My gut feeling is still to say that Spotify’s direct uploads, much like their direct deals is the company just trying to bring on new investors. Even still the Complex piece that reads a bit like a press release does give a new insight into this new feature.
I’m a quote happy mood today, but this sums up Jonathan Albright's assessment of the contemporary internet: “Western conceptions and idealistic notions about the Internet are no more. Its trajectory is now dictated in response to the demands of late capitalism. This is not so much a response to economic market pressures or “e-commerce,” nor it is the end of capitalism. It’s the harnessing of the utility of the Internet as the engine for achieving unbridled wealth and power through the accumulation of data.”

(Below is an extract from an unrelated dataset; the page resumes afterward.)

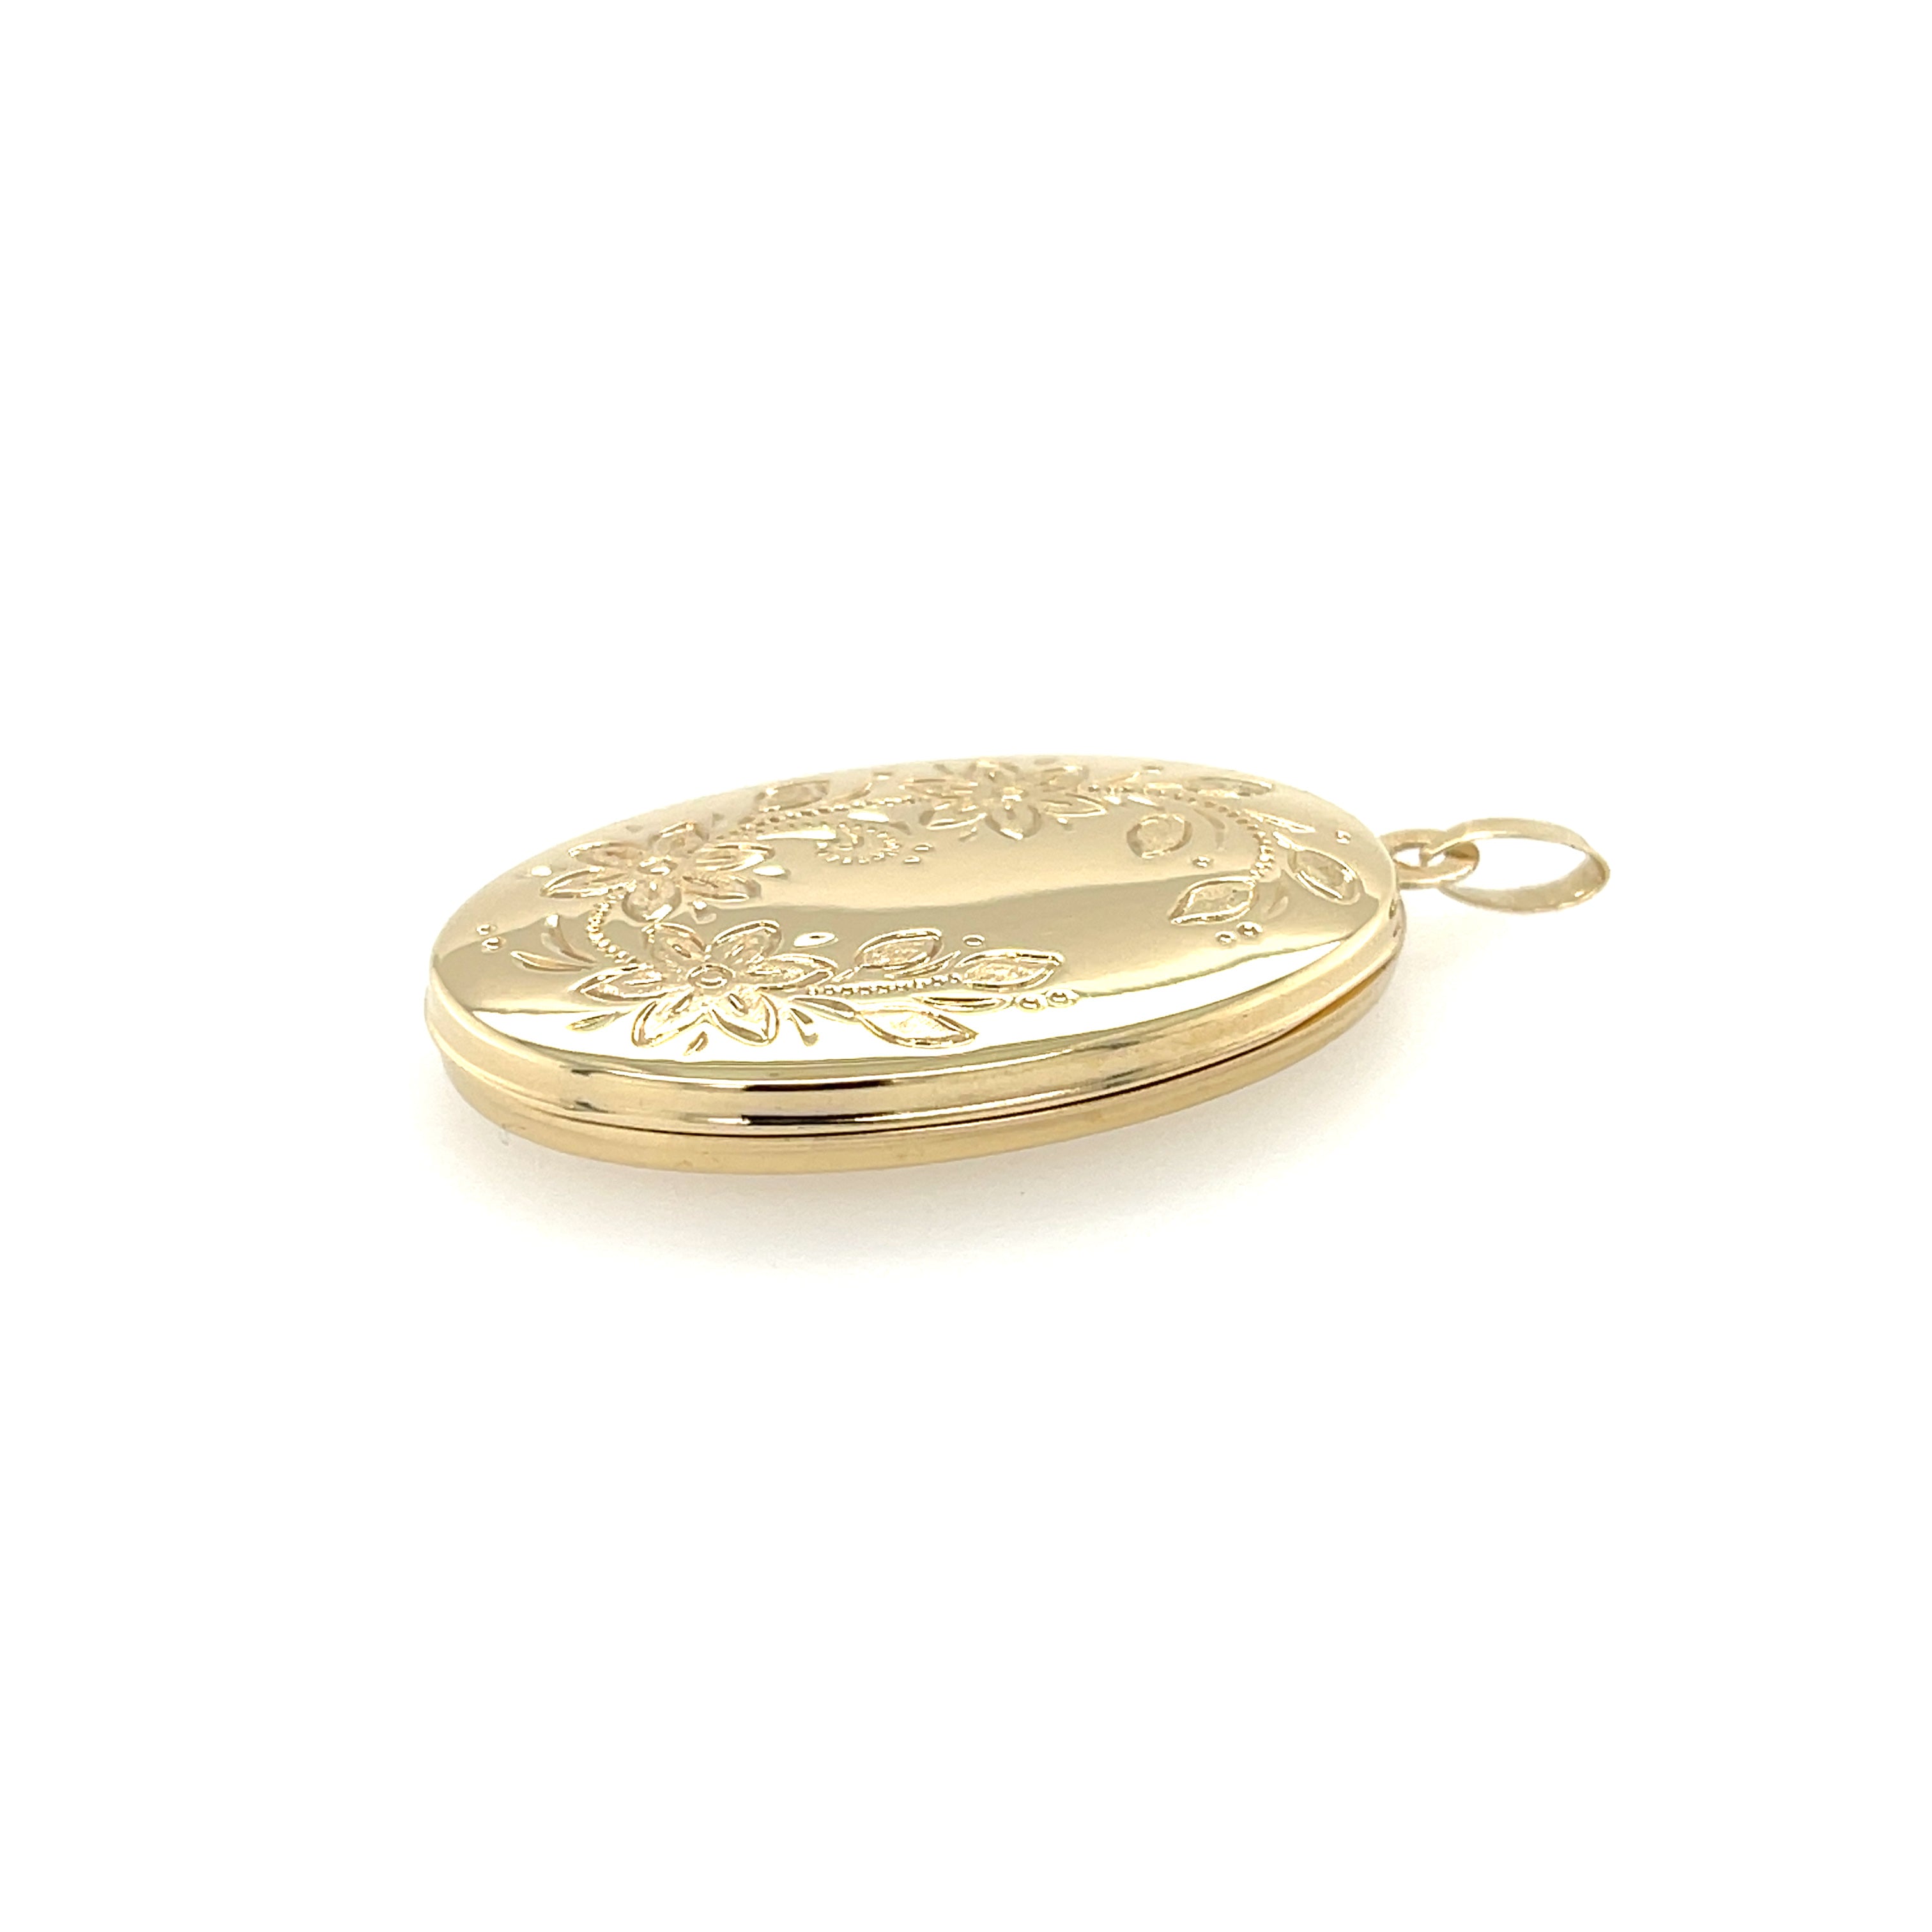 9ct Yellow Gold Oval Floral Engraved Locket Pendant

Instagram Has a Massive Harassment Problem - The Atlantic
This doesn’t directly connect to music streaming but I wanted to include this here just because Facebook, owner of Instagram, like Amazon will be playing an increased role in the future of music, so always keeping tabs.
*Whispers In Worker* Form a union. Workers can prevent billion-dollar companies from implementing technology to harm the lives of millions. I guess the government could also do this, but unions are better. Also, unions have cool buttons.